I was in Prague, I used to live with a cat, my flatmate's kitten, Sara. I normally have no affinity for domestic animals, but after all, Sara was only a child, and I couldn't help but feel towards her a kind of instinctual mammalian paternalism.

Having never grown up with an animal, I was surprised by how delightful it was simply to observe her. A kitten's life is a continual search for a comfortable place to lie down. In our apartment in Vršovice, Sara would pad around the apartment, set herself down, roll over, and then, unsatisfied, get up to try to search out some other more comfortable part. It was a shame, I think, to limit a predator's range to the span of a single apartment. She had none of the mercurialness associated with cats. She was perpetually skittish, nervous. Whenever I stood up, she would bolt away, still unused to my presence: in her eyes, a hulking, alien creature who lurched about her home.

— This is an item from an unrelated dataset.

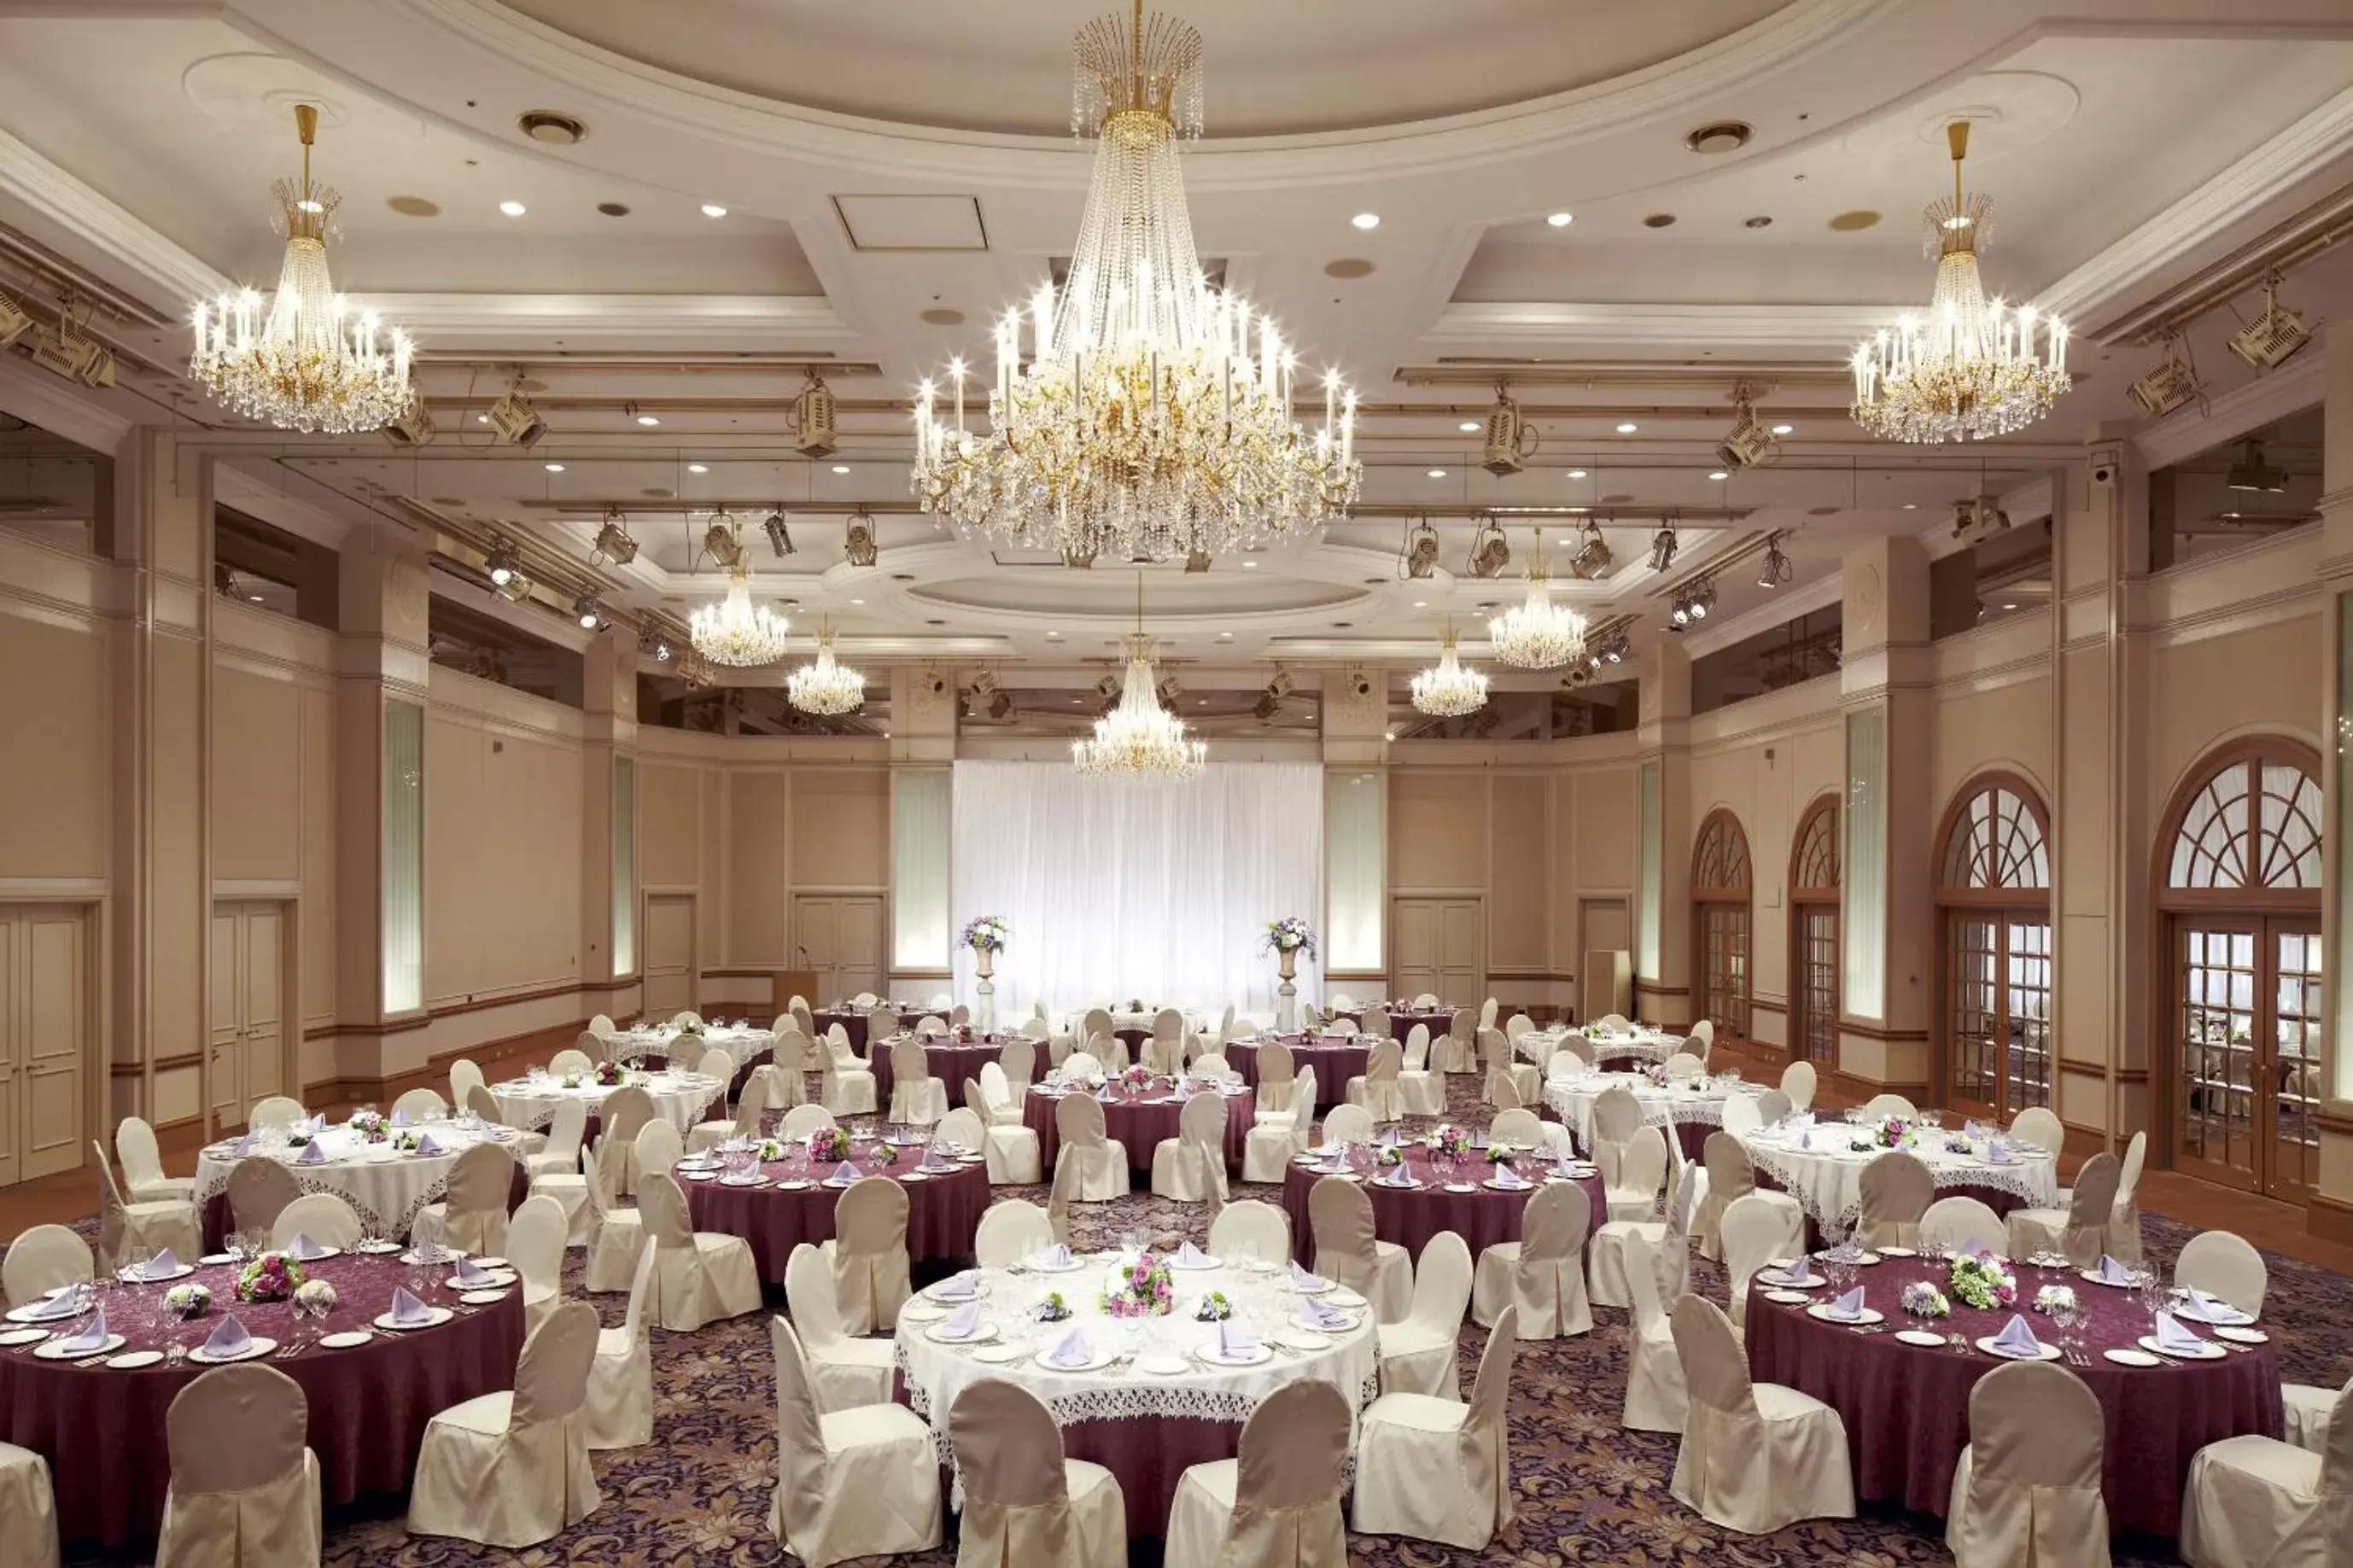 Banquet/Function facilities, Banquet Facilities in Dai-ichi Hotel Tokyo

I managed to pick up the apartment because my then flatmate, a Czech artist named Petr, had recently broken up with his girlfriend and needed another person to help cover rent. Adopted in happier times, to (then mutually) loving owners, Sara was now the product of a broken home. My roommate spoke only Czech, and I wasn't comfortable enough in my own Czech to ask him the details of the relationship, how they'd come to choose to get a cat together, why they broke up. I suppose that, irrespective of the language barrier, I wasn't sure of my own degree of tact.

In his bedroom, which I had inherited – Petr slept in a fold-out sofa in the living room – I come across a collection of photos: Petr and his ex at a horse ranch in Moravia, Petr leading a horse, the woman following him in the photographs with her head turned three quarters away from the camera. Even from the quarter that is visible, you could tell that she was beautiful.

On Petr's weekends away – he owned a motorbike, which he took out on long rides in the countryside – I was left alone with Sara, feeling like a sort of put-upon bachelor, the hapless star of One Man and a Baby. I tried to take care of her the best I could, refilling her kibble bowl, refreshing her water, scooping up her poop, chasing her away from the paints that littered Petr's living space. But I have a bachelor's bumbling way towards children and domestic animals, and I felt largely uncomfortable in my interactions with her. When she drew near, I stroked her head as gingerly as I would that of a stranger's five-year-old.

In November, by the time clouds had rolled in and brought with them the beginning of the Czech winter, Petr told me he couldn't stay anymore. Out of money, he told me he was going to go back to Kolín, to help his friend set up a gallery there. I made arrangements to move to an apartment in Holešovice. As a going-away present, he gave me a painting of the TV Tower in Žižkov. It was good, and I thanked him for it, but, to be honest, I had nowhere to put it. I'd assumed that Petr would take Sara with him, but she disappeared a few days before the move. I suppose she ended up with the ex, or perhaps with another friend. I don't know where she went, in the end, and I've never asked. In any case, I hope she found a place where she was comfortable.